Re: UTF-8 versions (was: Re: RFC 2047 and gatewaying)


Andrew Gierth wrote:

"Bruce" == Bruce Lilly <blilly(_at_)erols(_dot_)com> writes:

that was hardly an answer to my question of Sep 30th which was part
of a different branch of the discussion.


An example of a difference serves as that, and I was not inclided to waste
bandwidth repeating the same example in such a short span of time.  In any
event you now have it again.

 Bruce> U+E0001 U+E0065 U+E006E U+0066 U+006F U+006F U+E0001 U+E007F

 Bruce> Transformed to Unicode 3.1 UTF-8 (hex values for 8-bit codes):

 Bruce> F3 A0 80 81 F3 A0 81 A5 F3 A0 81 AE foo F3 A0 80 81 F3 A0 81 8F

 Bruce> The Unicode 2.0 UTF-8 reverse transformation yields:

 Bruce> U+DBC0 U+DC01 U+DBC0 U+DC65 U+DBC0 U+DC6E U+0066 U+006F U+006F
 Bruce> U+DBC0 U+DC01 U+DBC0 U+DC7F

 Bruce> That has 5 surrogate pairs which were not in the original
 Bruce> Unicode 3.1 text.

but those surrogate pairs are precisely the ones that represent the
original codepoints. i.e. if you merely converted the original
character sequence into UTF-16, you would get the same result.

The fact that those codepoints may not be known to the receiving
application is to do with the difference in the Unicode specification
itself, and nothing to do with UTF-8.


It has to do with the difference in the two utf-8 specifications, specifically
for 4-byte sequences, which in one case (but not the other) involve surrogate
pairs.  The original had 8 "characters" (actually at most 5 could really be
called characters in any meaningful sense; the others are syntactic glue),
whereas the result has 13 16-bit "characters", 10 of which are "garbage".

One "utf-8" encoding which transforms between uniform-width 16-bit "characters"
and a sequence of bytes cannot be said to be "the same as" another "utf-8"
specification which transforms between variable-width "characters" and a series
of bytes; they are different because the domain of one side of the 
transformation
differs.  Now you're saying that with yet another transformation, one can
get from a to c by way of an intermediate q, but that is not the same as saying
that a->b (Unicode 3.1+ to "utf-8") and b->c ("utf-8" to Unicode 3.0 and 
earlier)
are parts of the "same" transformation.  The "utf-8" transformation could be
said to be "the same" in that case if and only if a == c, but since a and c are
quite different, the two "utf-8" transformations are necessarily different.

 [snip language-tagging stuff irrelevent to this issue]

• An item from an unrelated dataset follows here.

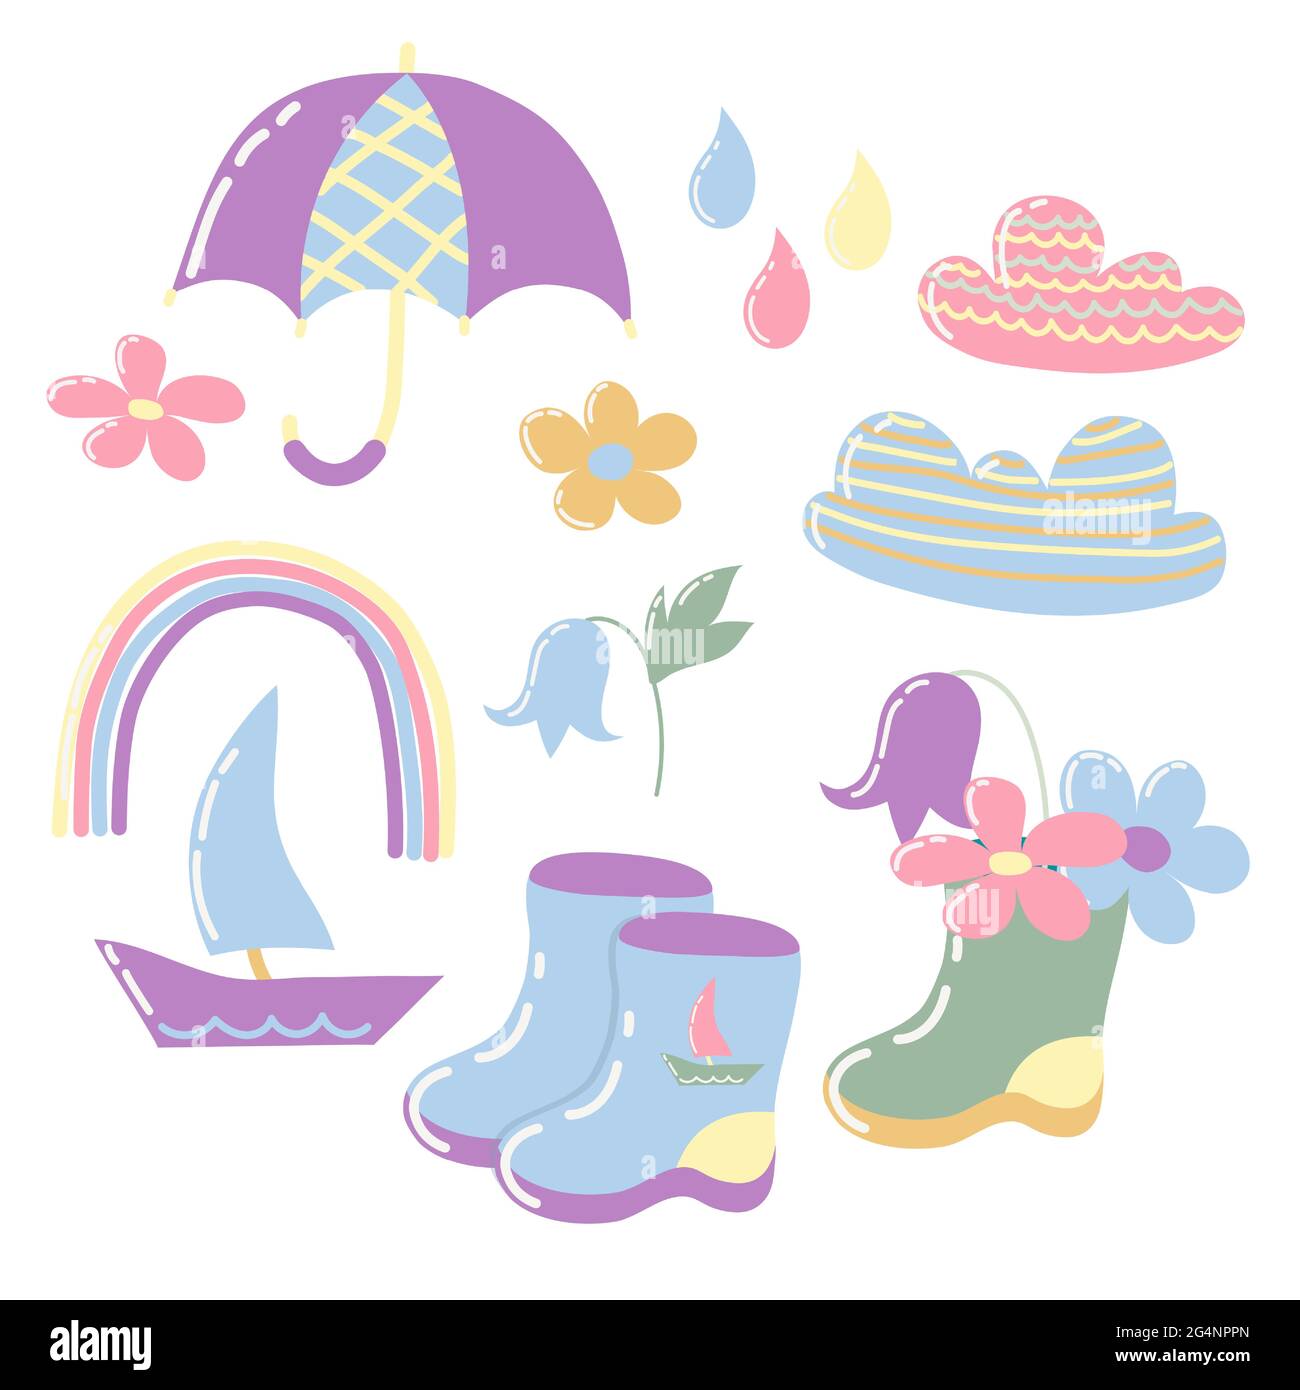 Insieme di immagini carine per bambini di oggetti cartoon sul tema della pioggia. Collezione vettoriale di stampe, adesivi, clipart per bambini design. Illustrazione Vettoriale

The language tagging is relevant for a number of reasons:
1. it bears on the disadvantages of untagged utf-8 (vs. properly
   RFC 2047/2231 tagged utf-8)
2. it is an example of the differences in the utf-8 specifications
   (since the 4-byte sequences which differ are involved)
3. it illustrates the horribly baroque Unicode 3.x encoding of
   characters making up ISO 639 language tags. One of the objections
   to RFC 2047 voiced has been that it uses some additional octets
   compared to raw 8-bit data -- Unicode 3.x langauage tags are much
   worse as (via utf-8) they transform the 7-bit characters which
   comprise ISO 639 language tags into long sequences of octets.
4. If there is a proposal to use untagged utf-8 instead of properly
   tagged (RFC 2047 / 2231) charsets (including but not limited to
   utf-8), then the entirety of the repercussions of such a proposal
   ought to be considered, and language tagging has long been part
   of MIME, but is a recent incompatible (among Unicode versions)
   addition to Unicode, and one which is also incompatible (per
   Unicode standards) with MIME.

 Bruce> That of course is not a parsing issue, but one of semantic
 Bruce> interpretation of the "utf-8".  According to one of the many
 Bruce> "utf-8" specifications, the "utf-8" stream encodes a
 Bruce> language-tagged string, while in at least one other "utf-8"
 Bruce> specification it encodes something quite different.

it encodes the exact same sequence of codepoints regardless of
specification. The fact that some of those codepoints are not defined
in earlier unicode versions is nothing to do with the use of UTF-8.


It is related to the different utf-8 specifications inasmuch as the
different specifications in conjunction with the change from a 16-bit
pre-3.1 character width and the newly-introduced codepoints (including
language tags) together result in obfuscated content with a different
number of bits.  It's difficult to cleanly separate those issues, since
if musical notes, baroque encoding of language tags etc. hadn't been
added (deviating from the original Unicode Design Priciples), the
character width wouldn't have had to be increased beyond 16 bits and the
utf-8 4-byte sequences wouldn't need to be specified differently. It
is precisely because the Unicode versions are different that the "utf-8"
transformations specifications are necessarily different.